Genetically encoded BRET-based sensors using mNeonGreen and NanoLuc flanking Mpro N-terminal autocleavage sequences enable sensitive, specific detection of SARS-CoV-2 Mpro proteolytic activity in live cells and in vitro. The sensors show rapid, robust response to WT Mpro with no cleavage by the C145A mutant, outperforming FlipGFP in response time and specificity. They effectively quantify pharmacological inhibition by GC376 and reveal that molecular crowding enhances Mpro activity while reducing inhibitor potency, underscoring the importance of cellular context. These sensors can be deployed for antiviral drug discovery targeting Mpro and for functional genomics to assess effects of Mpro sequence variation. Future work could apply the sensors to diverse cell types and infection models, expand inhibitor profiling, and refine sensor designs for multiplexed or subcellularly targeted readouts.

Limitations
  • Detection kinetics depend on intracellular expression and maturation of the reporter components; the authors note that timing may vary with actual protease expression in host cells. mNeonGreen maturation appears slower relative to NLuc, influencing early BRET dynamics.
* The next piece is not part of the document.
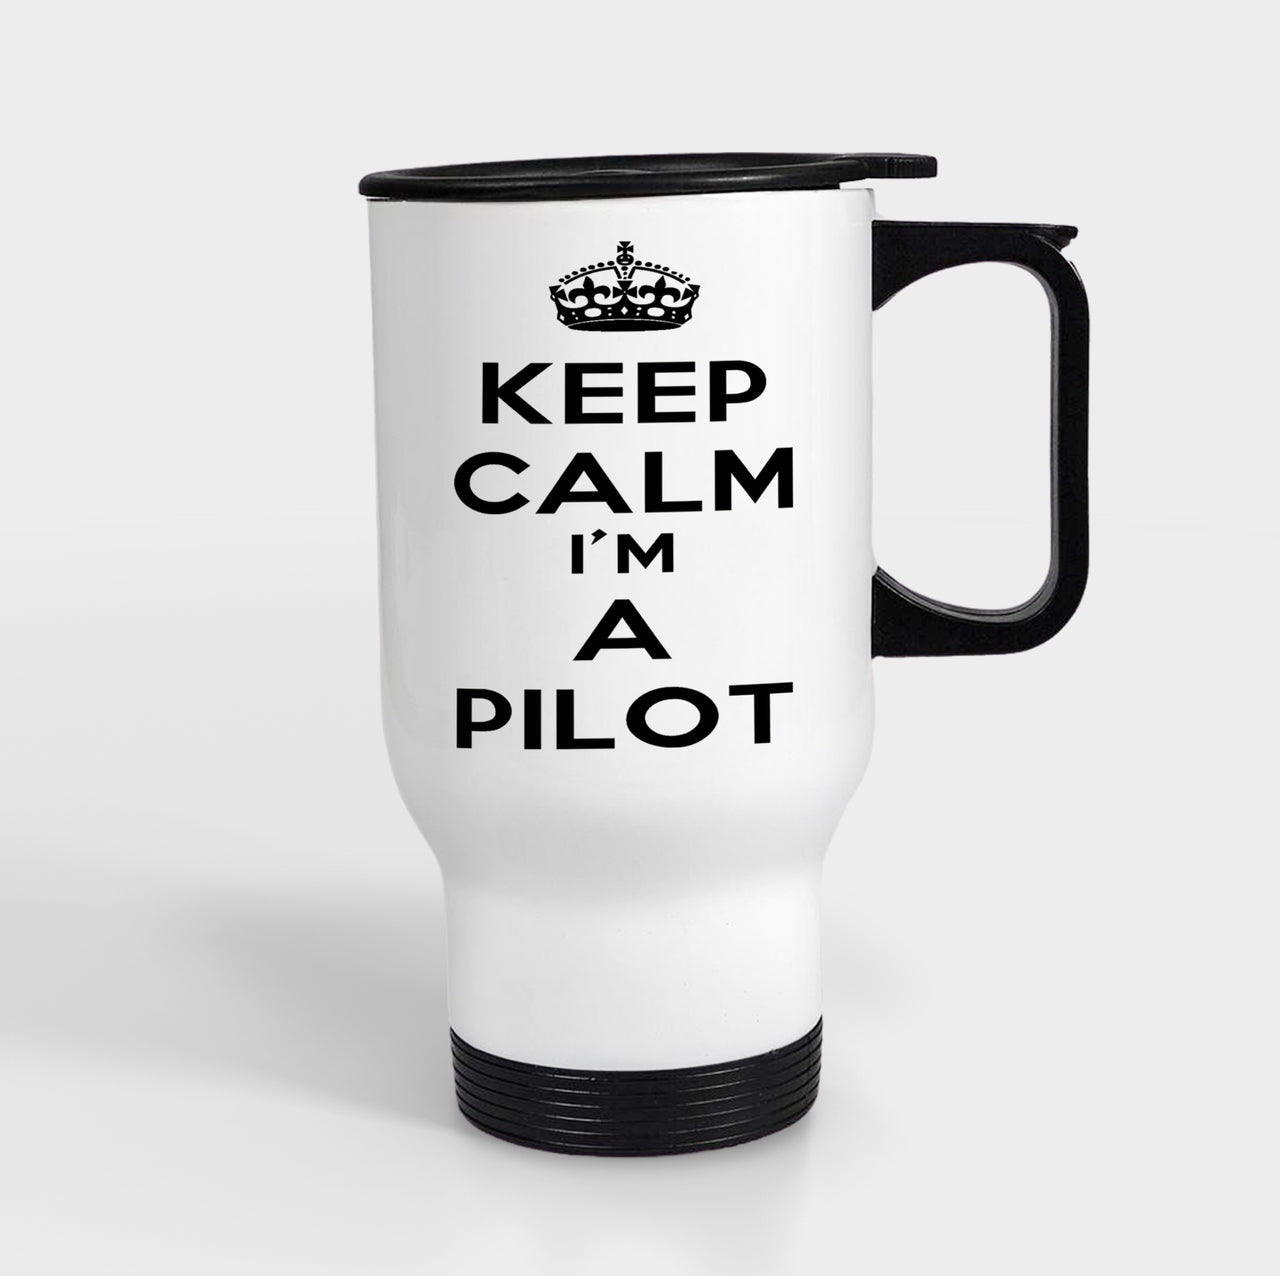 Keep Calm I'm a Pilot Designed Travel Mugs (With Holder)

  • Donor–acceptor fusion architecture could, in principle, affect peptide accessibility and cleavage efficiency; a longer flanking sequence was included to mitigate this, but residual effects cannot be excluded.
  • In vitro modeling of crowding used PEG 8000, which approximates but may not fully recapitulate cellular crowding complexity; effects on inhibitor potency in vivo could differ by cell type and conditions.
  • Recombinant enzyme assays required relatively high Mpro concentrations (≥500 nM) for clear cleavage under the assay conditions, which may not reflect all physiological scenarios.
  • Pharmacological validation focused primarily on GC376 as proof-of-principle; broader inhibitor panels would strengthen generalizability.